39 reviewed items across 4 content types.
A payments team built 34 container images on every merge. CI build time reached 42 minutes during peak hours and delayed production hotfixes.
The payments-api Java container restarts every 2-4 hours in production. Kubernetes events show OOMKilled exit code 137. Application logs stop abruptly with no graceful shutdown messages. The JVM never logs an OutOfMemoryError because the kernel kills the process before the JVM can detect the condition.
CI pipeline Docker build steps take 10-15 minutes when they previously completed in under 2 minutes. The build log shows 'Sending build context to Docker daemon 4.2GB' at the start. Developer local builds are equally slow. The actual build layers complete quickly but the context transfer dominates total build time.

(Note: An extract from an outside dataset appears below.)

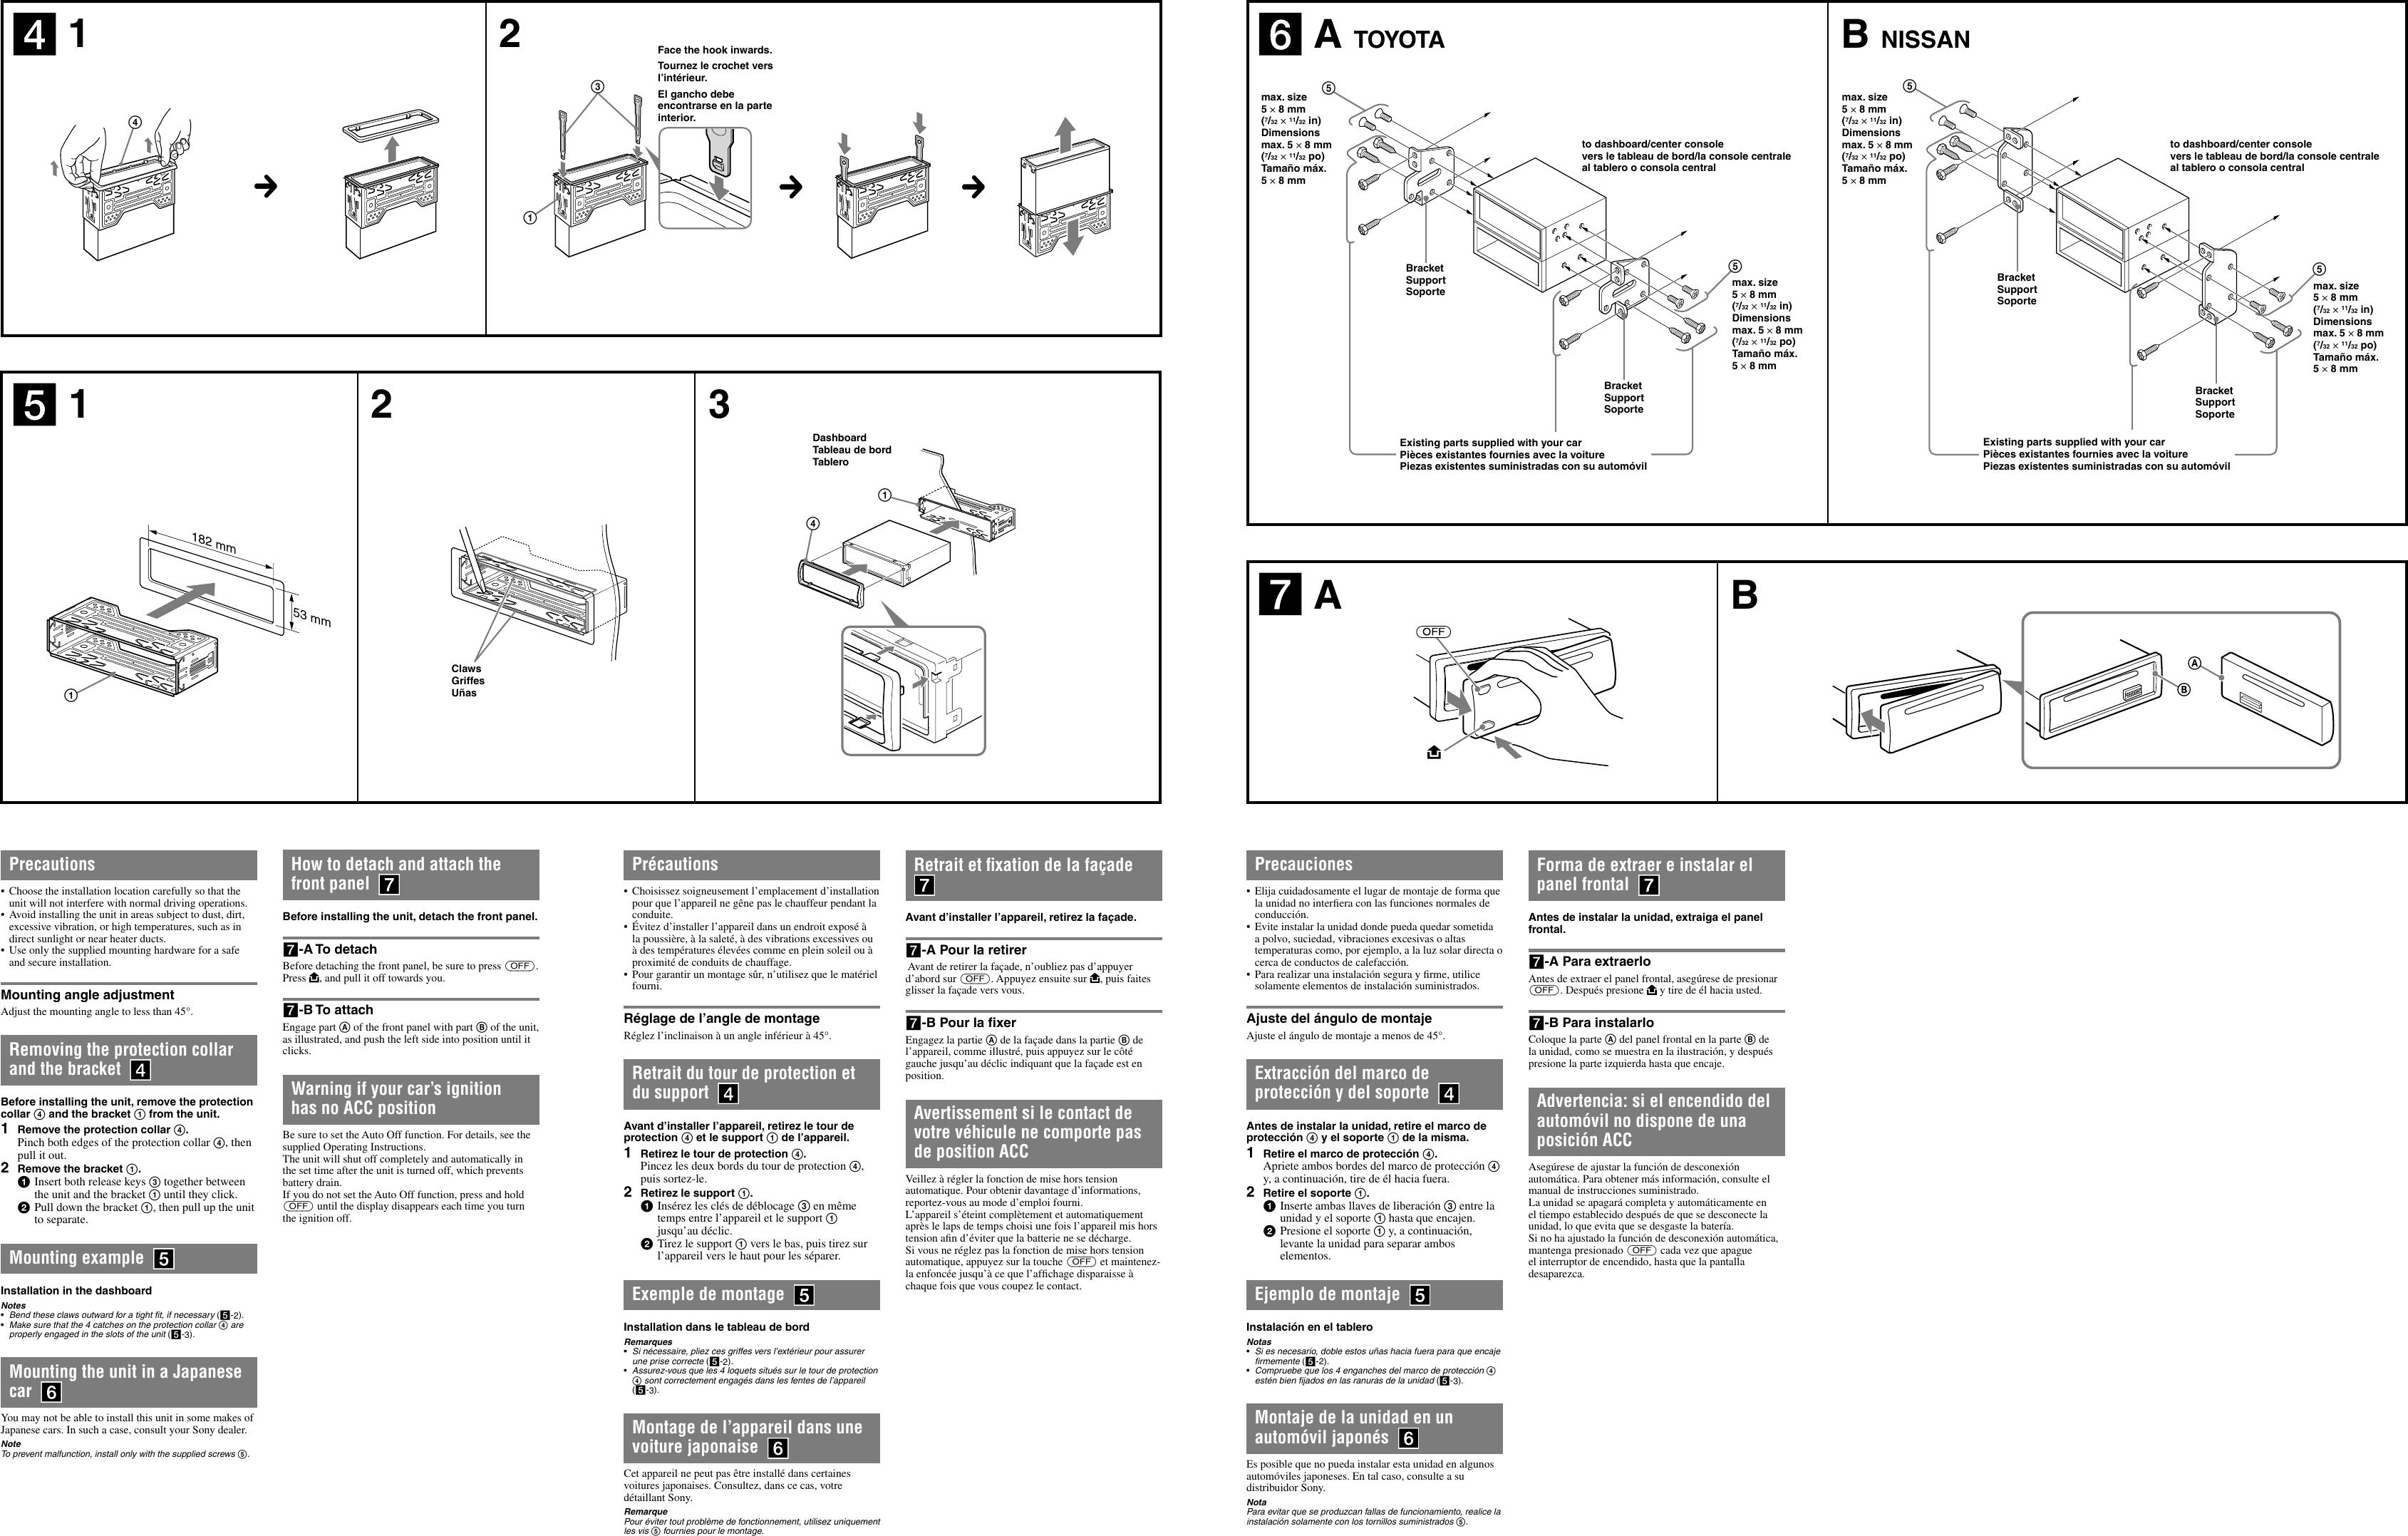 Page 2 of 2 - Sony Sony-Cdx-Gt23W-Installation-Connections-Manual- CDX-GT23W  Sony-cdx-gt23w-installation-connections-manual

CI agents begin failing with 'no space left on device' errors during docker build or docker pull steps. The failures are intermittent, affecting different pipelines at random times. Agent disk usage monitoring shows /var/lib/docker consuming 95%+ of available disk space. Restarting the CI agent temporarily resolves the issue but it recurs within 24-48 hours.
The checkout-worker container cannot connect to the payments-api container by service name in a docker-compose environment. Curl requests to http://payments-api:8080/health return 'Could not resolve host: payments-api'. The same containers work fine when using IP addresses directly. The issue affects local development and integration testing environments but not production Kubernetes.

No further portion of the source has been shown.